WHAT YOU SHOULD DO – Reproduce the listing below exactly. Pictures do not belong in the copy.

DATA SUPPLIED –
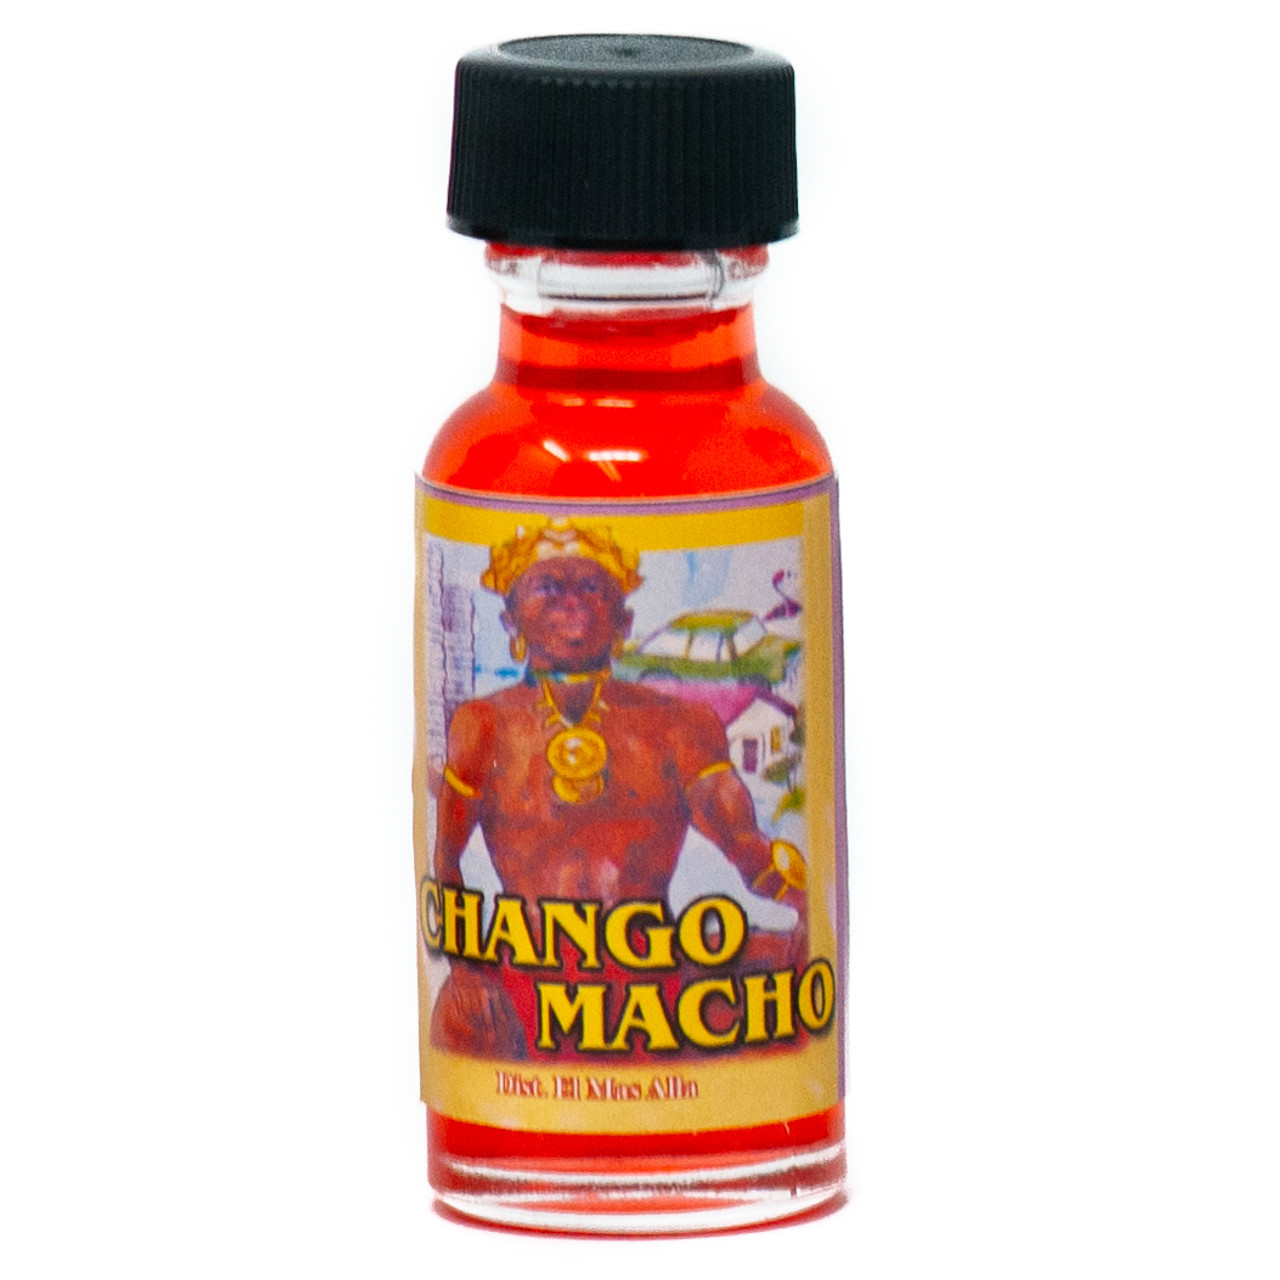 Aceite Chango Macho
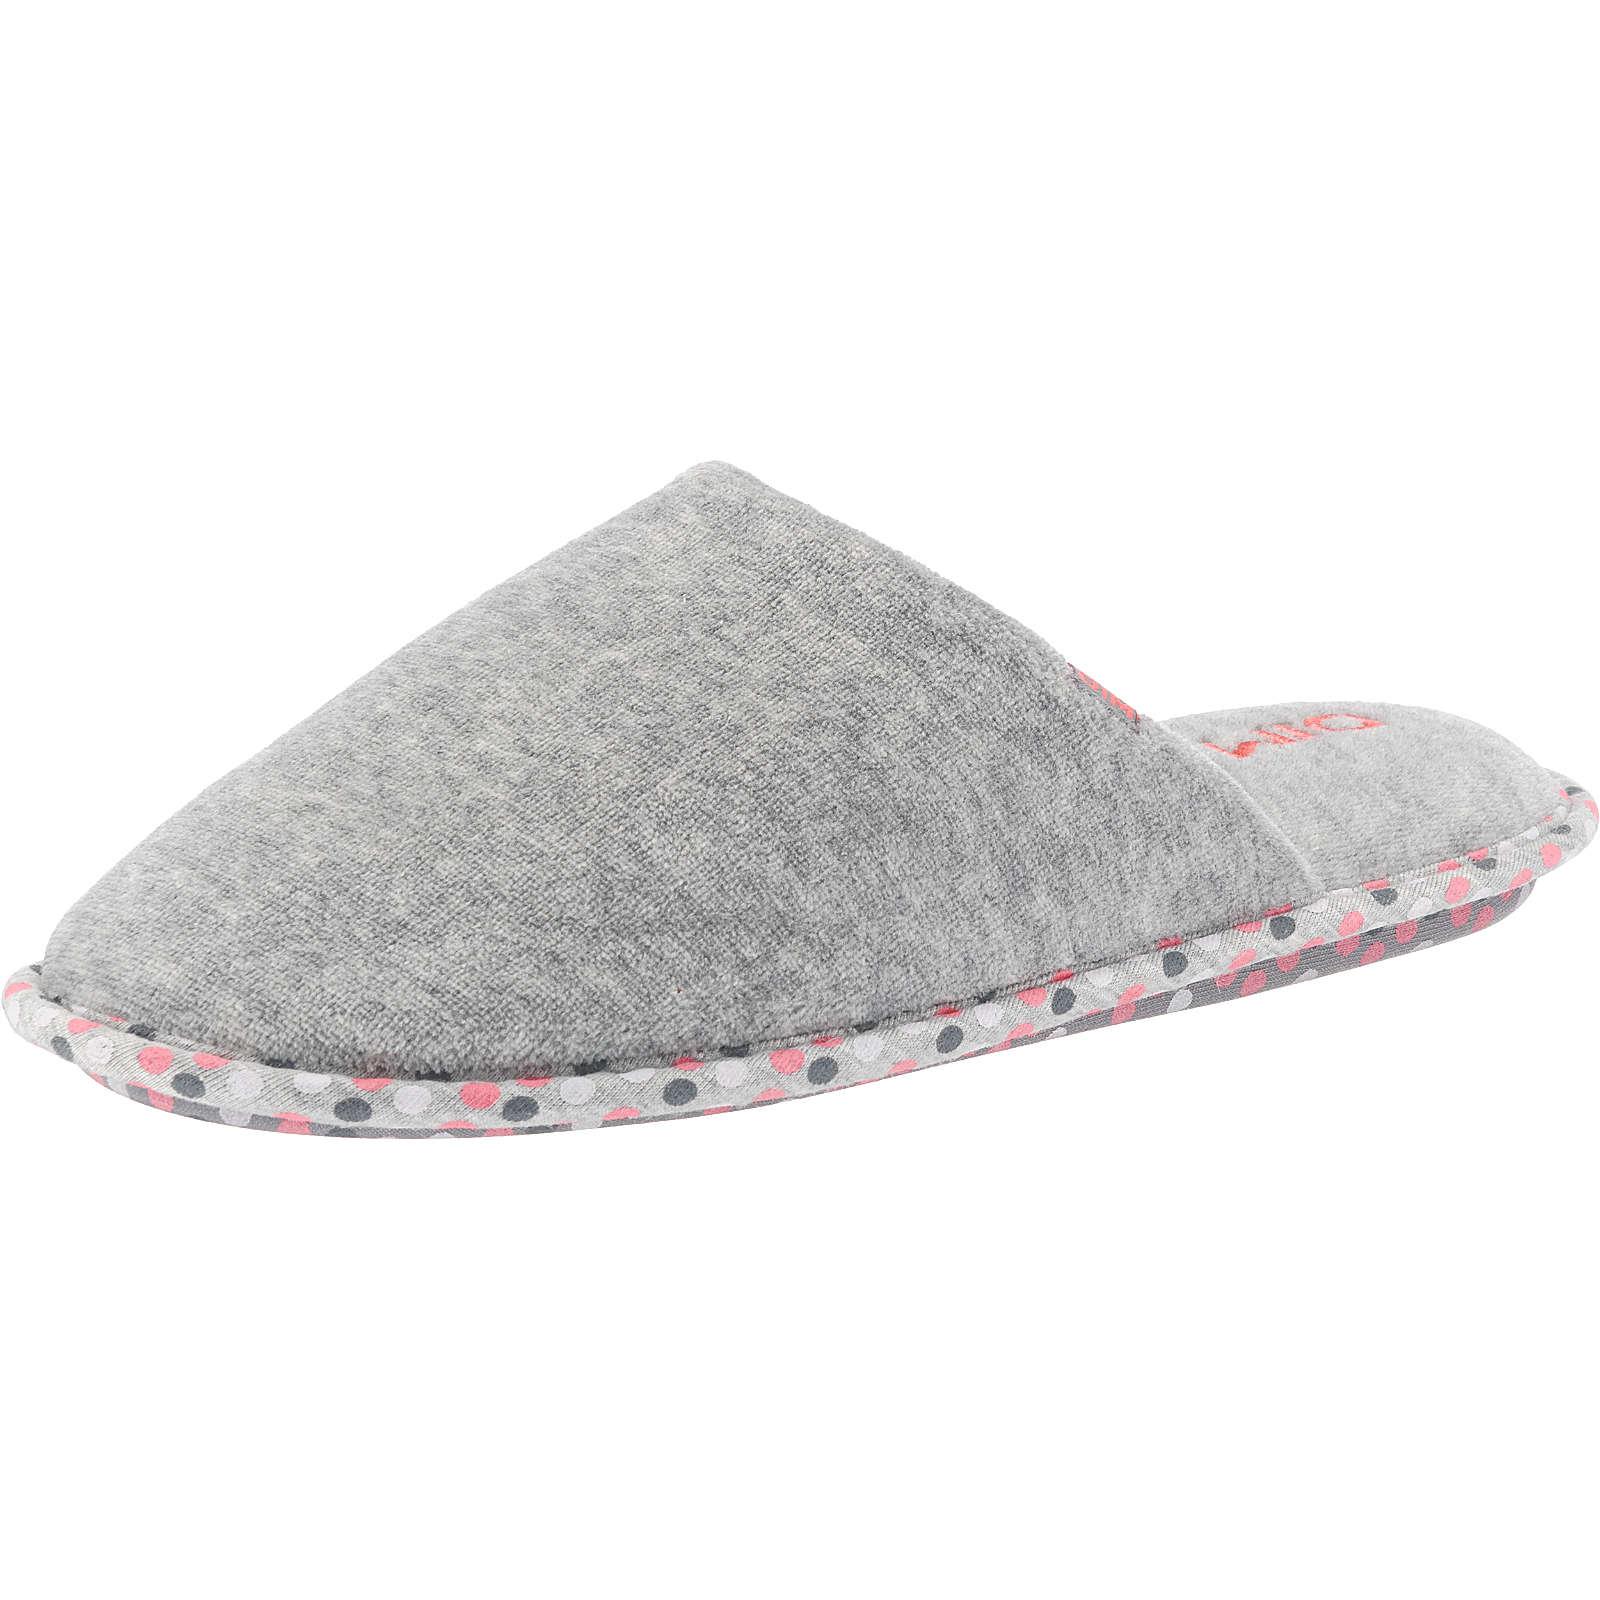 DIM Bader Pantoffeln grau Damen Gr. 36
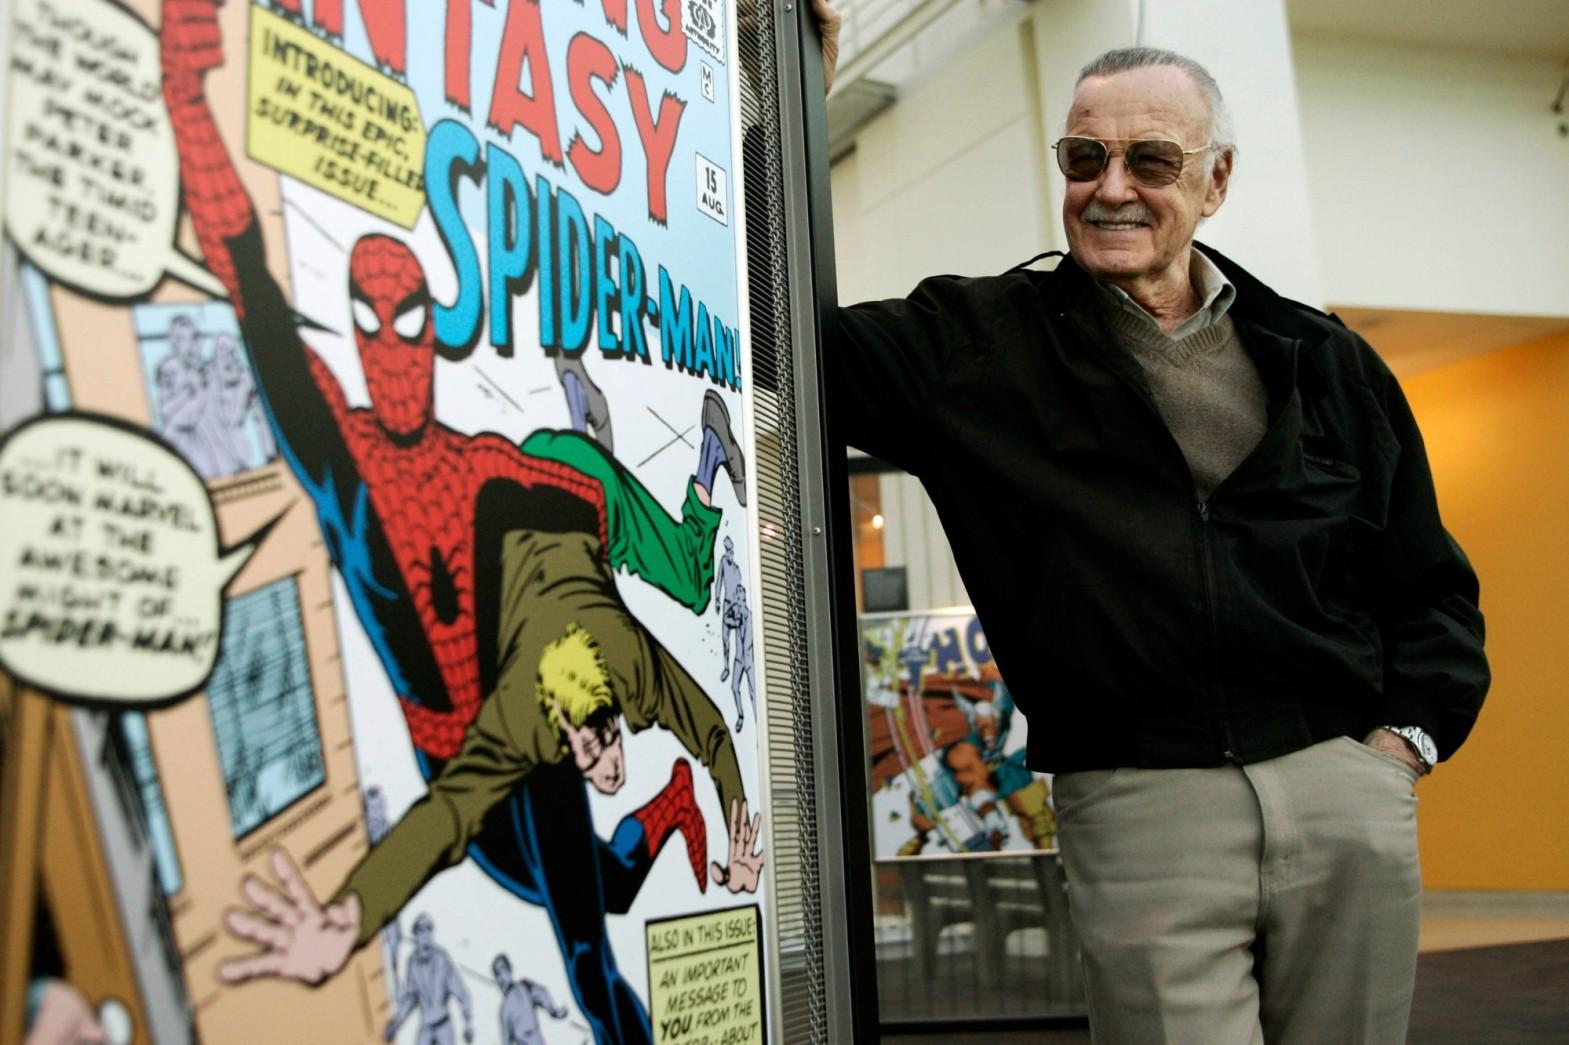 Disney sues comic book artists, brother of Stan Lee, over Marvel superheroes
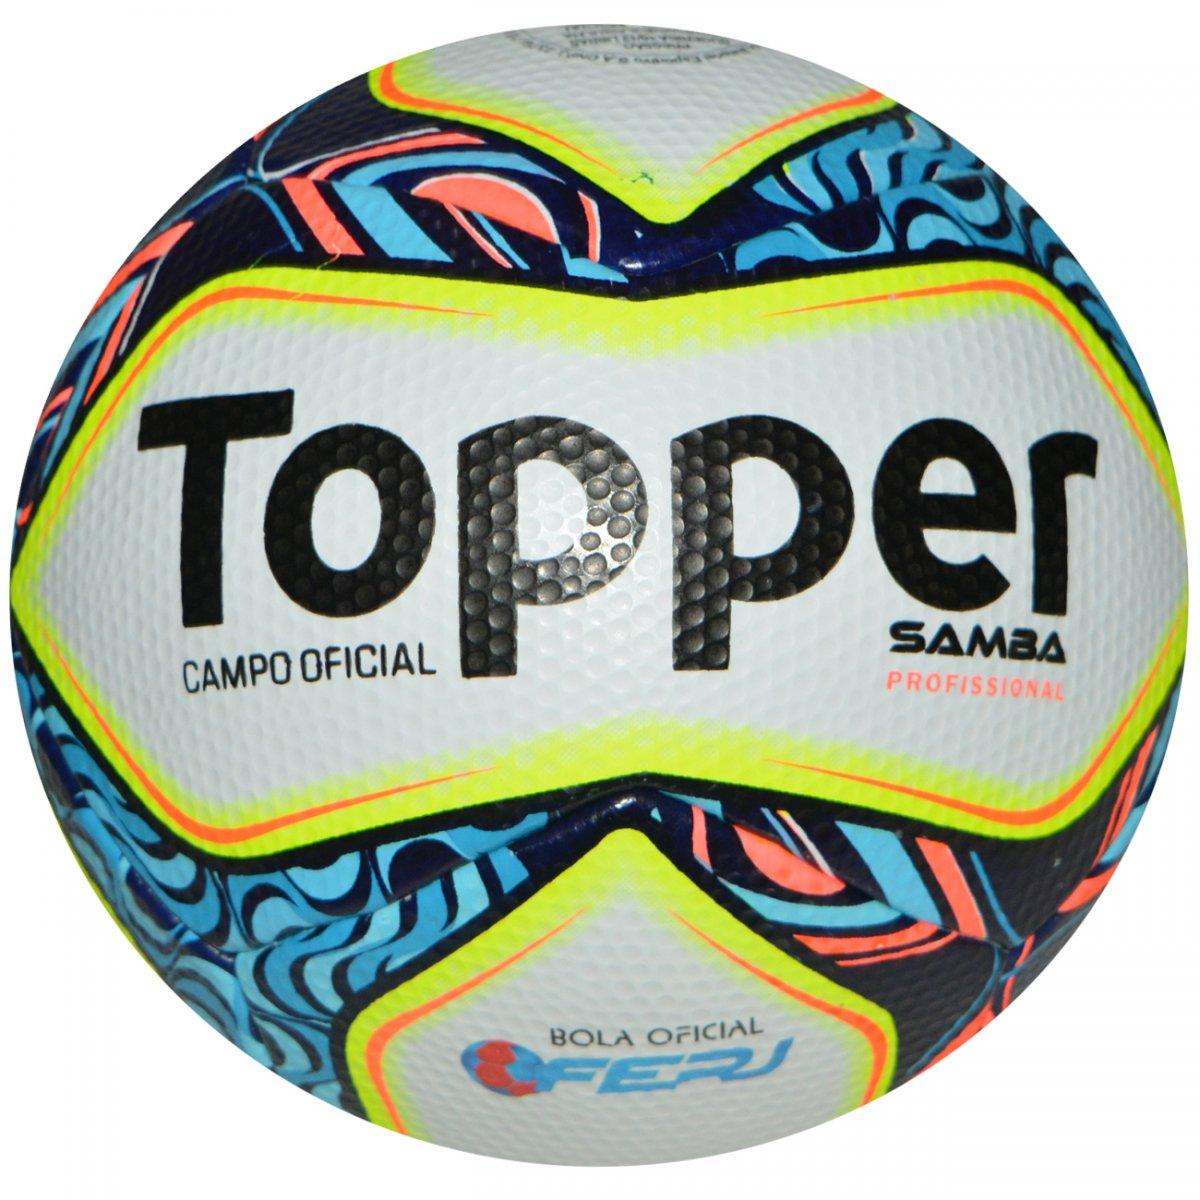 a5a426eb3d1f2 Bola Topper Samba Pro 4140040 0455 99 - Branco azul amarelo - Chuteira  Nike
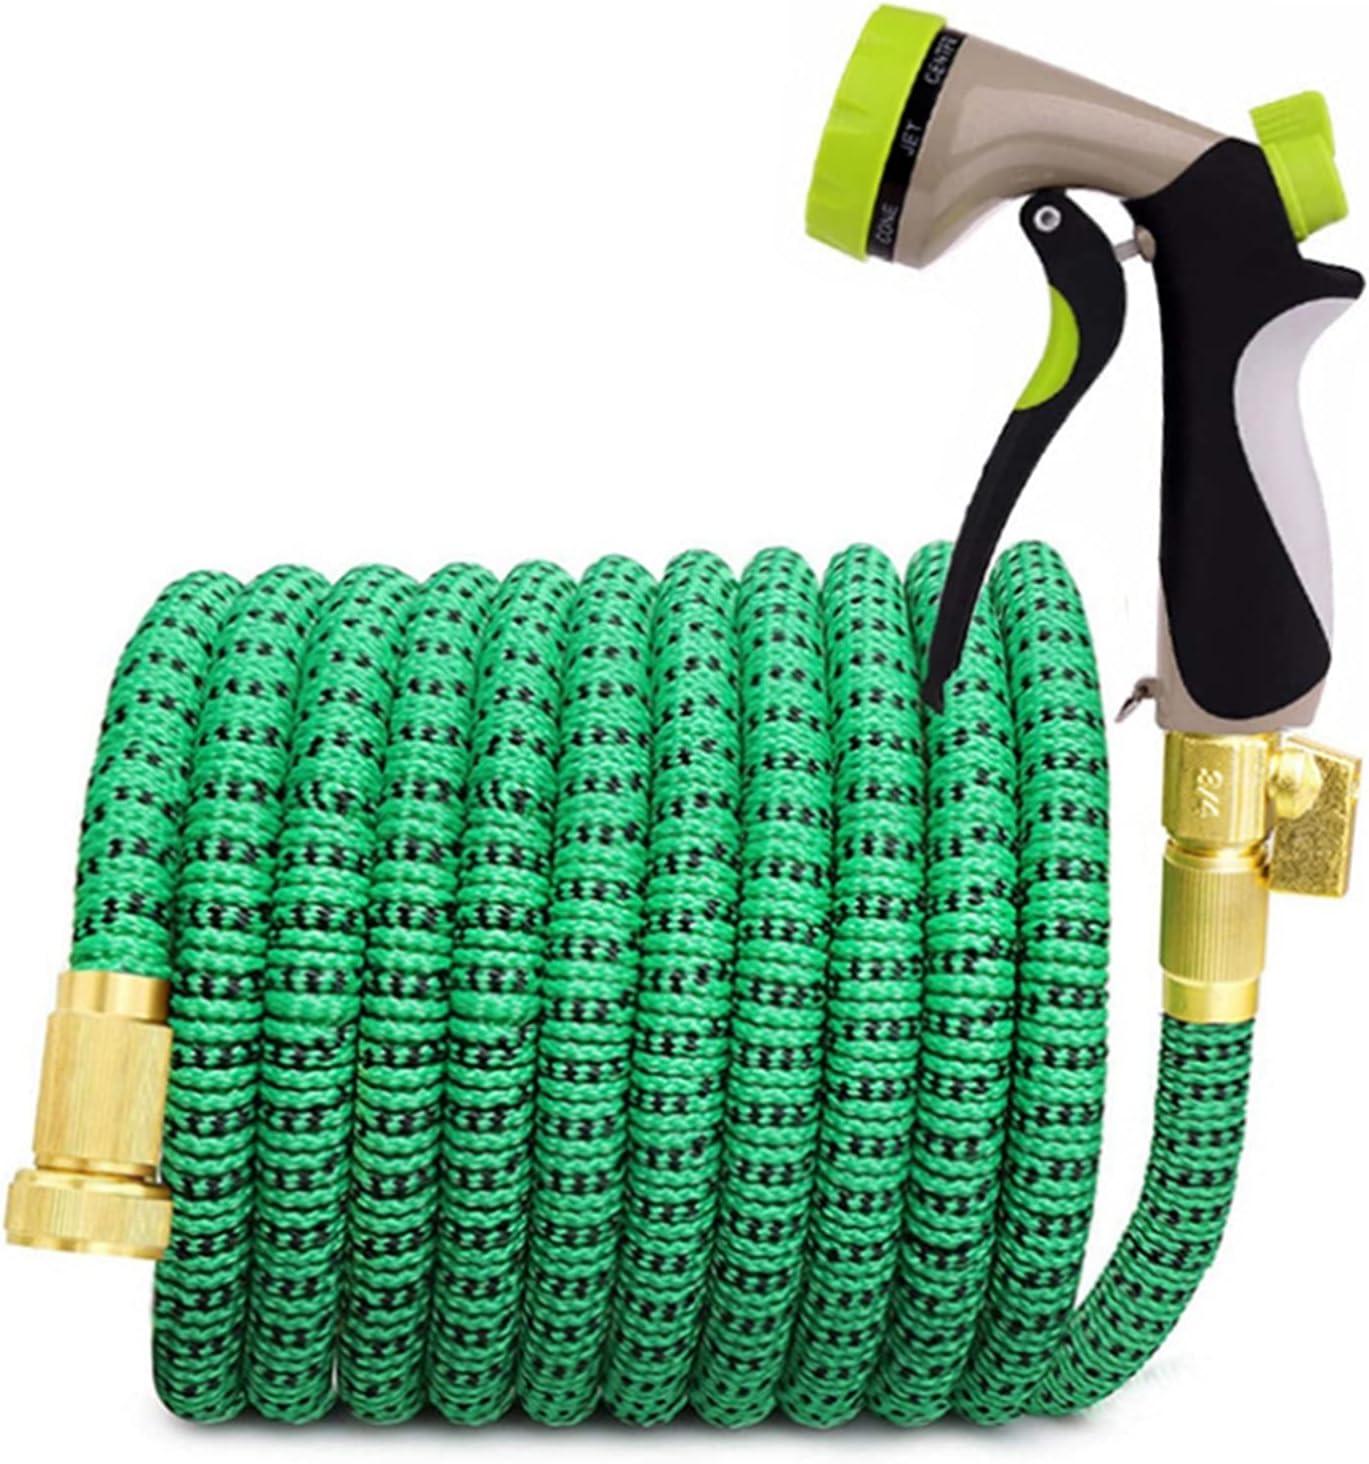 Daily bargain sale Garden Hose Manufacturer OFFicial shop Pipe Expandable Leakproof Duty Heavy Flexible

OUTPUT FOR THIS EXERCISE –
 Aceite Chango Macho
 DIM Bader Pantoffeln grau Damen Gr. 36
 Disney sues comic book artists, brother of Stan Lee, over Marvel superheroes
 a5a426eb3d1f2 Bola Topper Samba Pro 4140040 0455 99 - Branco azul amarelo - Chuteira  Nike
 Daily bargain sale Garden Hose Manufacturer OFFicial shop Pipe Expandable Leakproof Duty Heavy Flexible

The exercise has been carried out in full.